Lihat ke Halaman Asli

Setio Budianto

Saya adalah seorang Praktisi dan Akademisi Pariwisata, juga Guide Berbahasa Inggris. Disamping itu menulis buku fiksi dan non fiksi

Tarian Bocah Perkebunan (1) 2011 : Hari Penentuan

Diperbarui: 17 Juni 2023   09:25

Kompasiana adalah platform blog. Konten ini menjadi tanggung jawab bloger dan tidak mewakili pandangan redaksi Kompas.

Cerbung. Sumber ilustrasi: pixabay.com/Yuri B

TARIAN BOCAH PERKEBUNAN

PROLOG

Negara Republik Indonesia, diakhir dasawarsa enam puluhan bagai telur diujung tanduk. Ekonomi terpuruk, inflasi membumbung tinggi mencapai langit. Barang-barang kebutuhan pokok tak terjangkau, terutama oleh orang kebanyakan. Hanya orang kaya saja yang mampu membeli.  Jurang menganga begitu lebar antara yang berpunya dan kaum papa.  Memperoleh beras bak mencari sepotong jarum di tumpukan jerami. Sandang, pangan dan papan hanya beda setipis rambut dengan masa Penjajahan Jepang. Transportasi sulit, listrik tidak ada, banjir acapkali mendera, mayoritas murid kesekolah masih bertelanjang kaki.

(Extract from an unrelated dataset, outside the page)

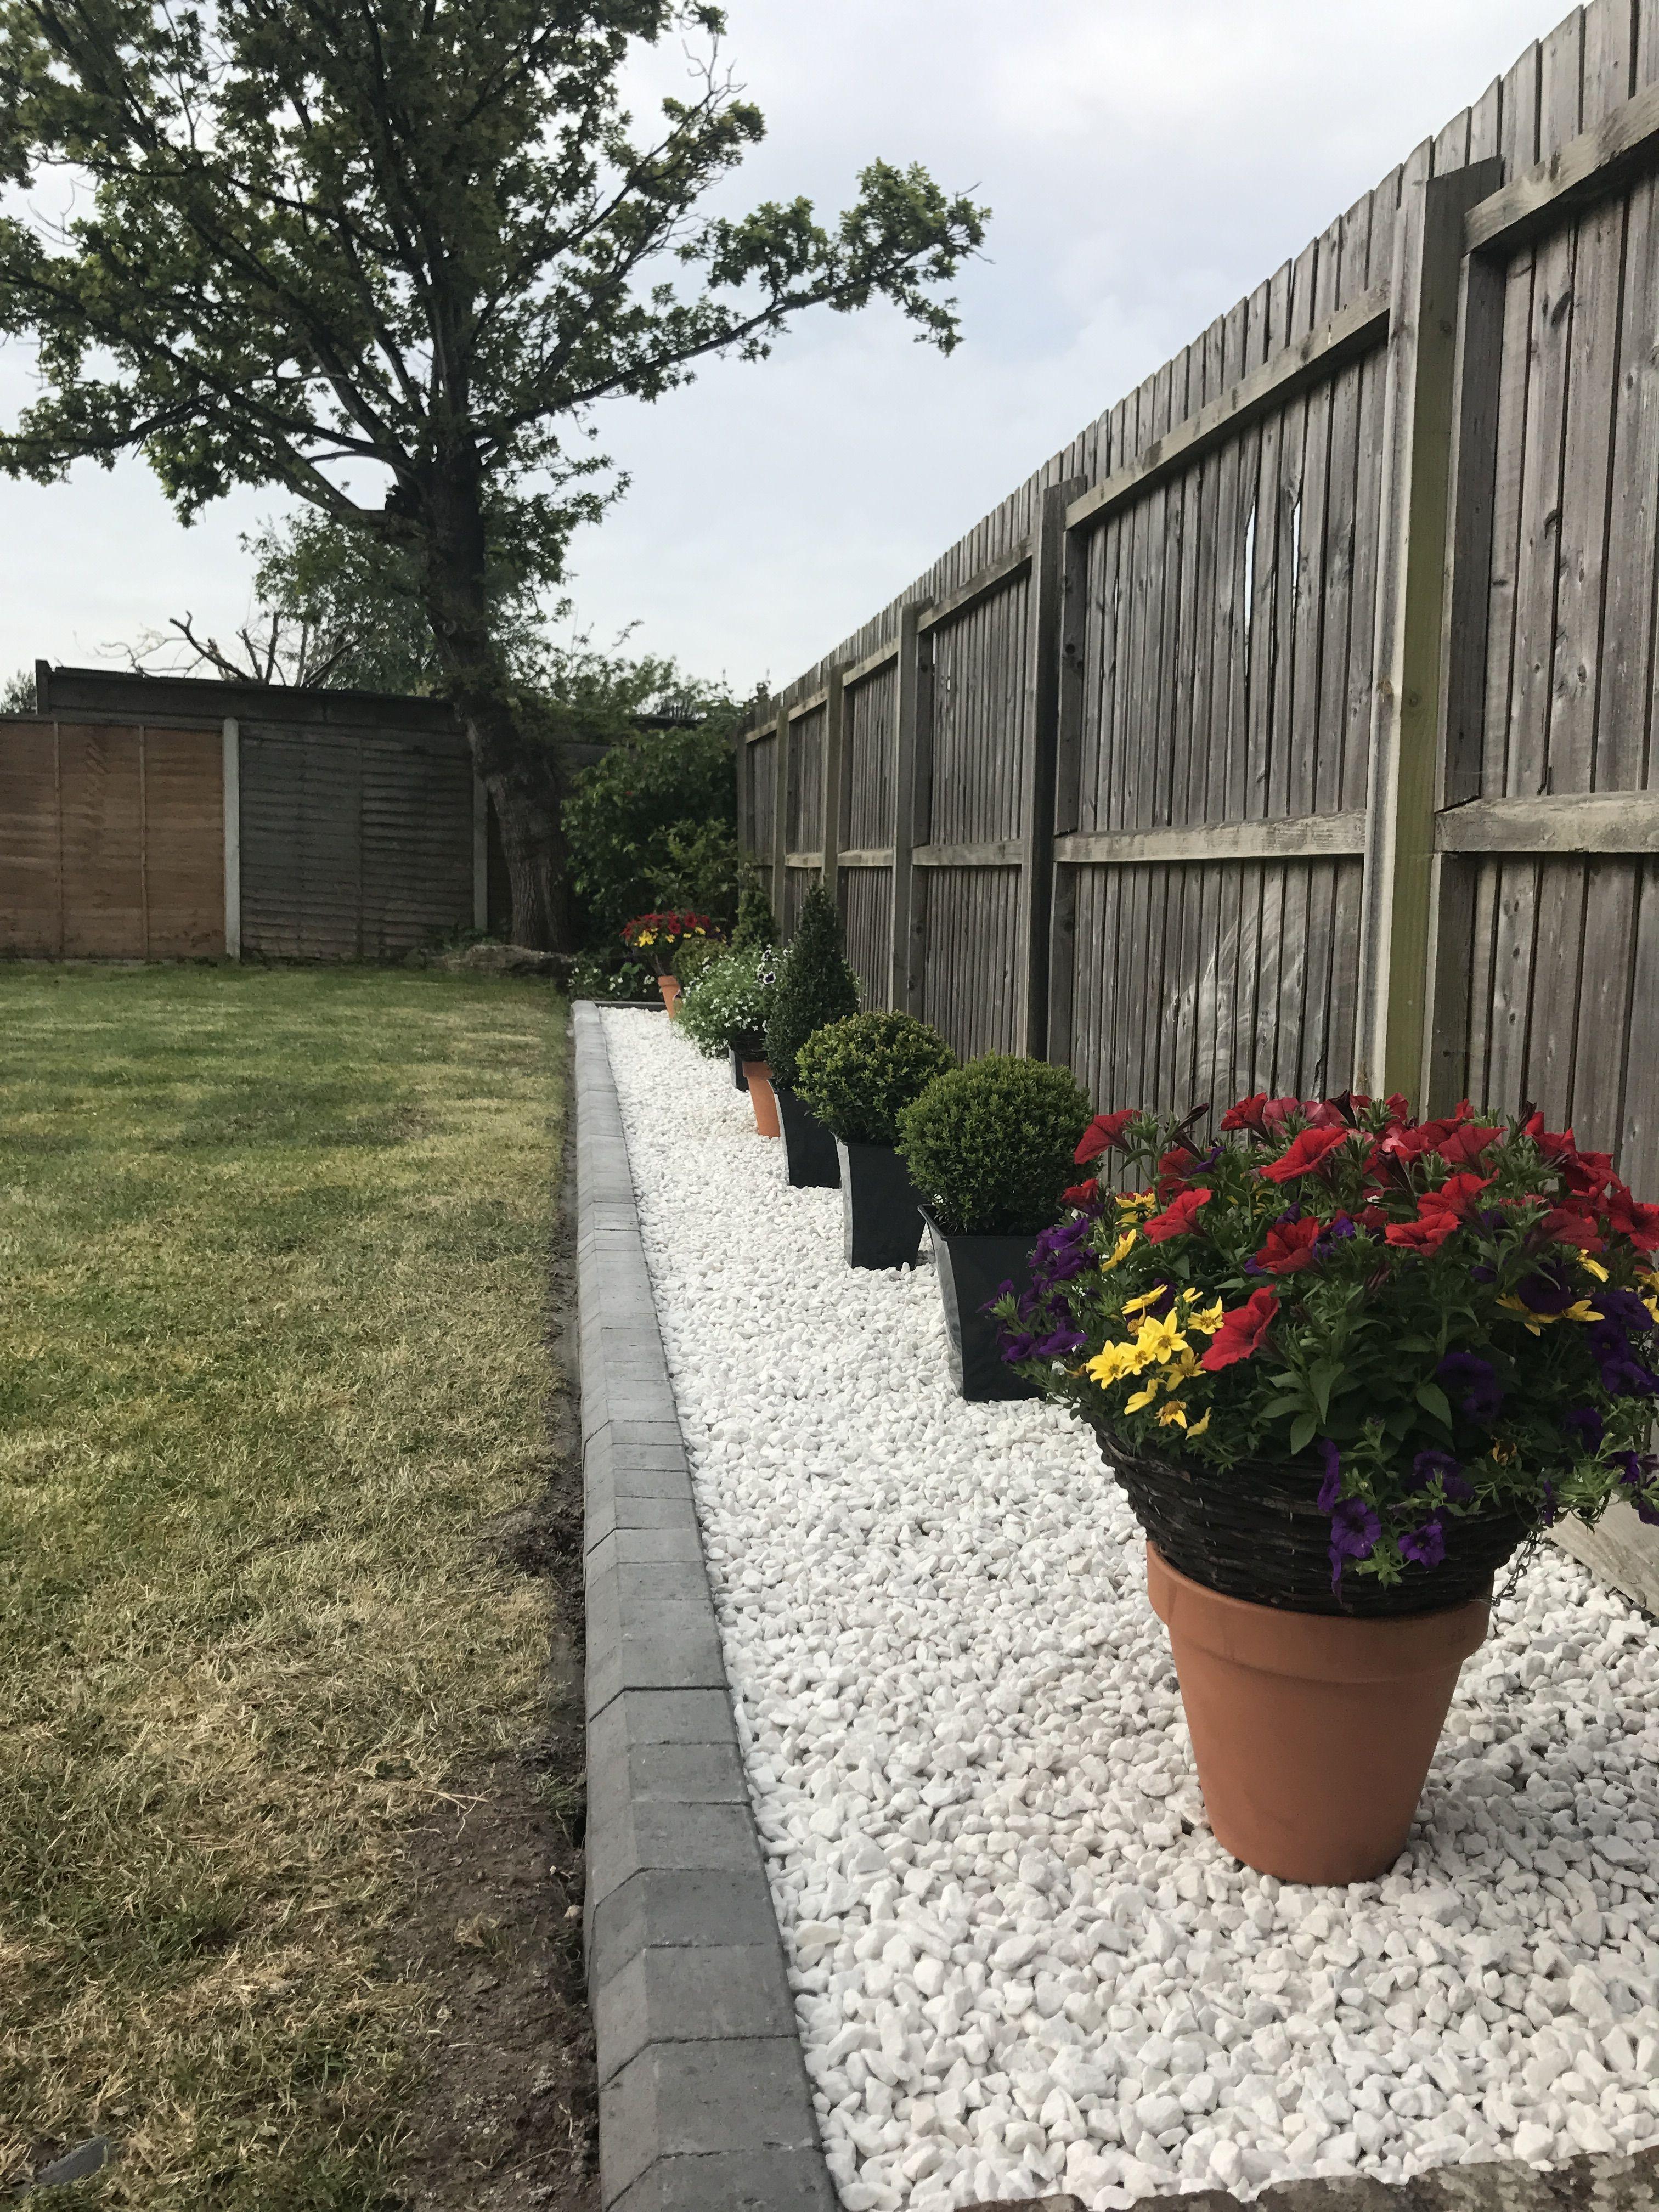 1 Best 45 Best Side Yard Garden Design Ideas Get Inspired To Transform An Unused Side Yard Alongside Side Yard Landscaping Diy Landscaping Patio Landscaping

Presiden selaku mandataris MPR bergerak secepat kilat. Era politik dengan hingar-bingarnya diakhiri. Dengan suatu prinsip sederhana dan rasional : jutaan rakyat Indonesia akan tetap terombang-ambing saja, bagai apung dipermainkan gelombang bila kondisi politik tetap riuh rendah seperti ini. Dalam cerita sejarah apa saja, dari Fir’aun hingga Perang Dunia, tetap rakyat kecillah yang jadi korban. Gajah berjuang sama gajah, pelanduk mati di tengah-tengah. Dimulailah era baru, dengan bidang Ekonomi sebagai putra mahkota. Air jernih ikannya jinak. Sayup-sayup terdengar Gaung REPELITA membahana. Dari Sabang sampai Merauke, dari Miangas hingga Pulau Rote.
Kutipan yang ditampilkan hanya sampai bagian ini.